His mind would go crazy knowing I wasn’t wearing any underwear. I turned around and slightly jumped, acting as if he scared me. He was leaning against the inner entryway of the closet door with his arms crossed. I didn’t move. I just stared at him. He was so handsome, and his dark brown eyes looked lost and confused. I instantly felt guilty for how I was acting with him. It wasn’t fair to him.

“Look, Marcus, I’m sorry. I shouldn’t be inconsiderate of your feelings and your work. If you brother feels as though this is a busy time in your life and you don’t need any distractions, then I understand. Can we at least be friends?” He didn’t say anything for few seconds. He finally began to move towards me; I was a little taken back. I didn’t know what he was going to do. When he was a foot away, he reached up and tucked a piece of damp hair behind my ear.

“The thing is, Mia, you see,” he hesitated and placed my face between his hands while caressing both of my cheeks with his thumbs, “you see the thing is with or without you, you’ll be a major distraction. All I do is think about you. So why can’t I be with you, knowing that you’ll have the same effect on me either way? I can’t just be friends.” I nodded in agreement. He made a valid point. He breathed out a crooked smile and pressed his forehead down to mine.

“So what does this mean?” I whispered with hope. My heart picked up pace with anticipation.

“Be my girlfriend.” Girlfriend? I couldn’t help but laugh.

“What’s so funny?” He asked amused.

“Girlfriend sounds so high school-ish. Don’t you think?” He laughed out loud.

“Okay, well, be my woman-friend, my lover, my partner…whatever you want to call it. I don’t care. Just be mine.”

“So you’re saying you want us to be exclusive and label this relationship?” I pointed my fingers between us.

“Yes.” I bit down a smile at that comment.

“What about at work? What will we be considered at your office? What will people think?”

“Don’t worry about what others think. I’m not going to hide my feelings for you. If they ask what our relationship is, I’ll simply tell them you’re my girl—no woman-friend.” He smiled. I smacked his shoulder and giggled.

“Okay, so I guess we’re exclusive then?” I asked, double-checking.

“Yes. Now come here.” He pulled me in and kissed me long and hard.

Chapter Eleven

The next morning I awoke feeling sore but refreshed. Marcus and I spent another magical night together, and I couldn’t help but smile at the realization when I opened my eyes. I stretched my arms over my head and looked over beside me. He fell asleep with me last night, but he wasn’t there. When I glanced at the alarm clock on my nightstand it was ten minutes to seven. I reached for my phone and noticed a text from him.

Marcus (5:30am): I had to go home to get ready for work. You looked too peaceful to wake up. It was tempting though. I miss you already. See you in the office, babe. ;)

No one would have been able to wipe the grin off face. This was how he made me feel: like a teenage girl. I threw my head back into the pillow and stared at the ceiling. Last night was absolutely wonderful.

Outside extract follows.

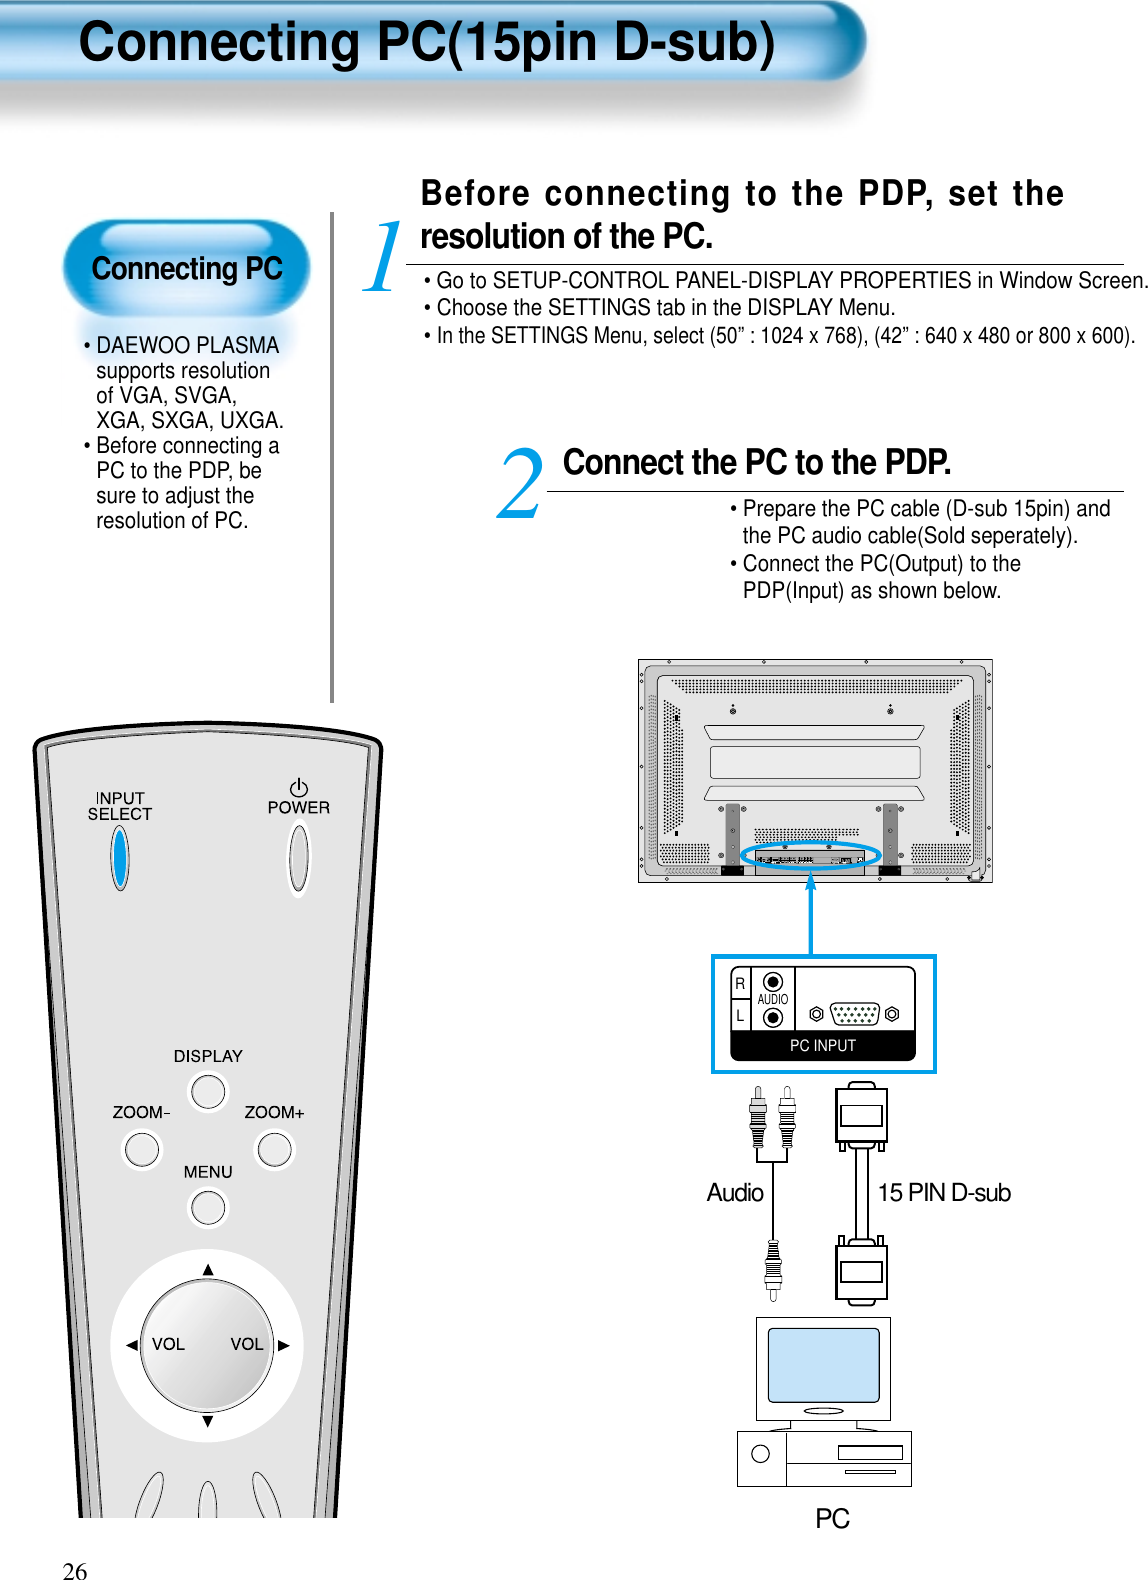 Connecting PC• DAEWOO PLASMAsupports resolutionof VGA, SVGA,XGA, SXGA, UXGA.• Before connecting aPC to the PDP, besure to adjust theresolution of PC.Connecting PC(15pin D-sub)26Connect the PC to the PDP.• Prepare the PC cable (D-sub 15pin) andthe PC audio cable(Sold seperately).• Connect the PC(Output) to thePDP(Input) as shown below. 2Before connecting to the PDP, set theresolution of the PC.• Go to SETUP-CONTROL PANEL-DISPLAY PROPERTIES in Window Screen.• Choose the SETTINGS tab in the DISPLAY Menu.• In the SETTINGS Menu, select (50” : 1024 x 768), (42” : 640 x 480 or 800 x 600).1PC INPUTLRAUDIO15 PIN D-subAudioPC

Three times in one night had to be a world record for sure—well at least in my sex life it was. It was like we needed it desperately. I could feel his stress, and he could feel mine. The minute our bodies connected, all of our problems and issues were wiped away and solved.

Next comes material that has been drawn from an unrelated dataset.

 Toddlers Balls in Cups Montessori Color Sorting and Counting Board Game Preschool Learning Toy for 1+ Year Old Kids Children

We didn’t talk about work or family or anything depressing. Instead, we talked about our favorite movies, foods, hobbies, and shows. We laughed and made fun of each other. I snuck pizza into the bedroom once Jeremy was asleep. We ate and talked some more. To be able to see a side of him that he said most people didn’t see made me feel special. I had a feeling we were going to be good for one another.